TargetAgg¶
Computes a streaming aggregate of the target values.
This transformer is identical to feature_extraction.Agg
, the only difference is that it operates on the target rather than on a feature. At each step, the running statistic how
of target values in group by
is updated with the target. It is therefore a supervised transformer.
Parameters¶
-
by (Union[str, List[str], NoneType])
The feature by which to group the target values. All the data is included in the aggregate if this is
None
. -
how (river.stats.base.Univariate)
The statistic to compute.
-
target_name – defaults to
y
The target name which is used in the result.
Attributes¶
-
state
Return the current values for each group. Examples -------- >>> X = [ ... {"country": "France", "place": "Taco Bell", "revenue": 42}, ... {"country": "Sweden", "place": "Burger King", "revenue": 16}, ... {"country": "France", "place": "Burger King", "revenue": 24}, ... {"country": "Sweden", "place": "Taco Bell", "revenue": 58}, ... {"country": "Sweden", "place": "Burger King", "revenue": 20}, ... {"country": "France", "place": "Taco Bell", "revenue": 50}, ... {"country": "France", "place": "Burger King", "revenue": 10}, ... {"country": "Sweden", "place": "Taco Bell", "revenue": 80}, ... ] >>> from river import feature_extraction as fx >>> from river import stats >>> agg = fx.Agg(on="revenue", by="place", how=stats.Mean()) >>> for x in X: ... agg = agg.learn_one(x) >>> agg.state Taco Bell 57.5 Burger King 17.5 Name: revenue_mean_by_place, dtype: float64 >>> agg = fx.Agg(on="revenue", by=["country", "place"], how=stats.Mean()) >>> for x in X: ... agg = agg.learn_one(x) >>> agg.state country place France Taco Bell 46.0 Sweden Burger King 18.0 France Burger King 17.0 Sweden Taco Bell 69.0 Name: revenue_mean_by_country_and_place, dtype: float64
-
target_name
Examples¶
Consider the following dataset, where the second value of each value is the target:
>>> dataset = [
... ({'country': 'France', 'place': 'Taco Bell'}, 42),
... ({'country': 'Sweden', 'place': 'Burger King'}, 16),
... ({'country': 'France', 'place': 'Burger King'}, 24),
... ({'country': 'Sweden', 'place': 'Taco Bell'}, 58),
... ({'country': 'Sweden', 'place': 'Burger King'}, 20),
... ({'country': 'France', 'place': 'Taco Bell'}, 50),
... ({'country': 'France', 'place': 'Burger King'}, 10),
... ({'country': 'Sweden', 'place': 'Taco Bell'}, 80)
... ]
As an example, let's perform a target encoding of the place
feature. Instead of simply
updating a running average, we use a stats.BayesianMean
which allows us to incorporate
some prior knowledge. This makes subsequent models less prone to overfitting. Indeed, it
dampens the fact that too few samples might have been seen within a group.

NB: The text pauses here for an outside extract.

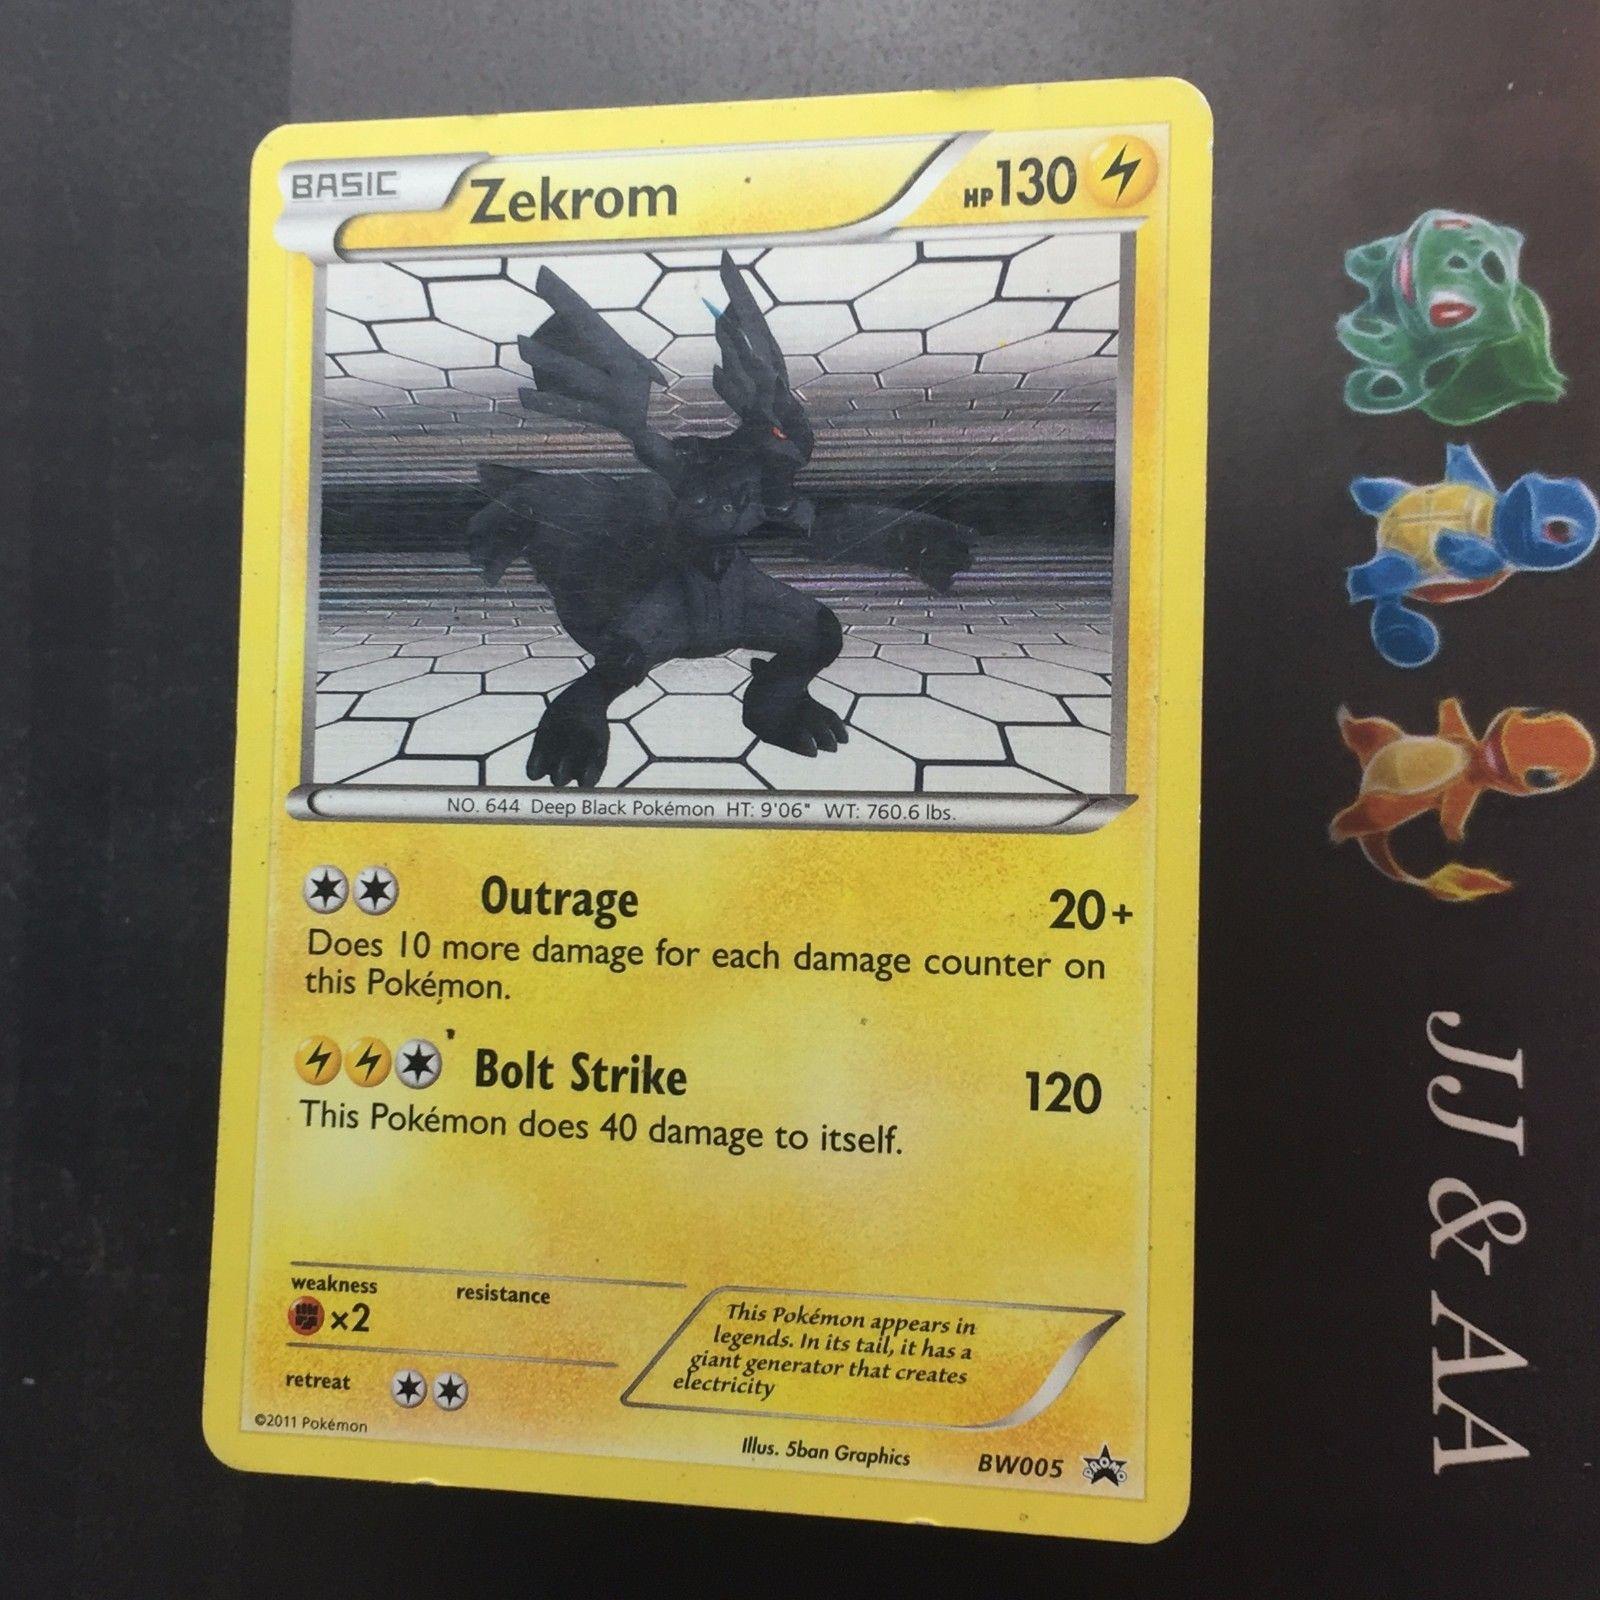 ZEKROM Holo Rare Pokemon NM Card PROMO Black Star BW005

>>> from river import feature_extraction
>>> from river import stats
>>> agg = feature_extraction.TargetAgg(
... by='place',
... how=stats.BayesianMean(
... prior=3,
... prior_weight=1
... )
... )
>>> for x, y in dataset:
... print(agg.transform_one(x))
... agg = agg.learn_one(x, y)
{'y_bayes_mean_by_place': 3.0}
{'y_bayes_mean_by_place': 3.0}
{'y_bayes_mean_by_place': 9.5}
{'y_bayes_mean_by_place': 22.5}
{'y_bayes_mean_by_place': 14.333}
{'y_bayes_mean_by_place': 34.333}
{'y_bayes_mean_by_place': 15.75}
{'y_bayes_mean_by_place': 38.25}
Just like with feature_extraction.Agg
, we can specify multiple features on which to
group the data:
>>> agg = feature_extraction.TargetAgg(
... by=['place', 'country'],
... how=stats.BayesianMean(
... prior=3,
... prior_weight=1
... )
... )
>>> for x, y in dataset:
... print(agg.transform_one(x))
... agg = agg.learn_one(x, y)
{'y_bayes_mean_by_place_and_country': 3.0}
{'y_bayes_mean_by_place_and_country': 3.0}
{'y_bayes_mean_by_place_and_country': 3.0}
{'y_bayes_mean_by_place_and_country': 3.0}
{'y_bayes_mean_by_place_and_country': 9.5}
{'y_bayes_mean_by_place_and_country': 22.5}
{'y_bayes_mean_by_place_and_country': 13.5}
{'y_bayes_mean_by_place_and_country': 30.5}
>>> agg.state
place country
Taco Bell France 31.666667
Burger King Sweden 13.000000
France 12.333333
Taco Bell Sweden 47.000000
Name: y_bayes_mean_by_place_and_country, dtype: float64
Methods¶
clone
Return a fresh estimator with the same parameters.
The clone has the same parameters but has not been updated with any data. This works by looking at the parameters from the class signature. Each parameter is either - recursively cloned if it's a River classes. - deep-copied via copy.deepcopy
if not. If the calling object is stochastic (i.e. it accepts a seed parameter) and has not been seeded, then the clone will not be idempotent. Indeed, this method's purpose if simply to return a new instance with the same input parameters.
learn_one
Update with a set of features x
and a target y
.
Parameters
- x (dict)
- y
Returns
SupervisedTransformer: self
transform_one
Transform a set of features x
.
Parameters
- x (dict)
Returns
dict: The transformed values.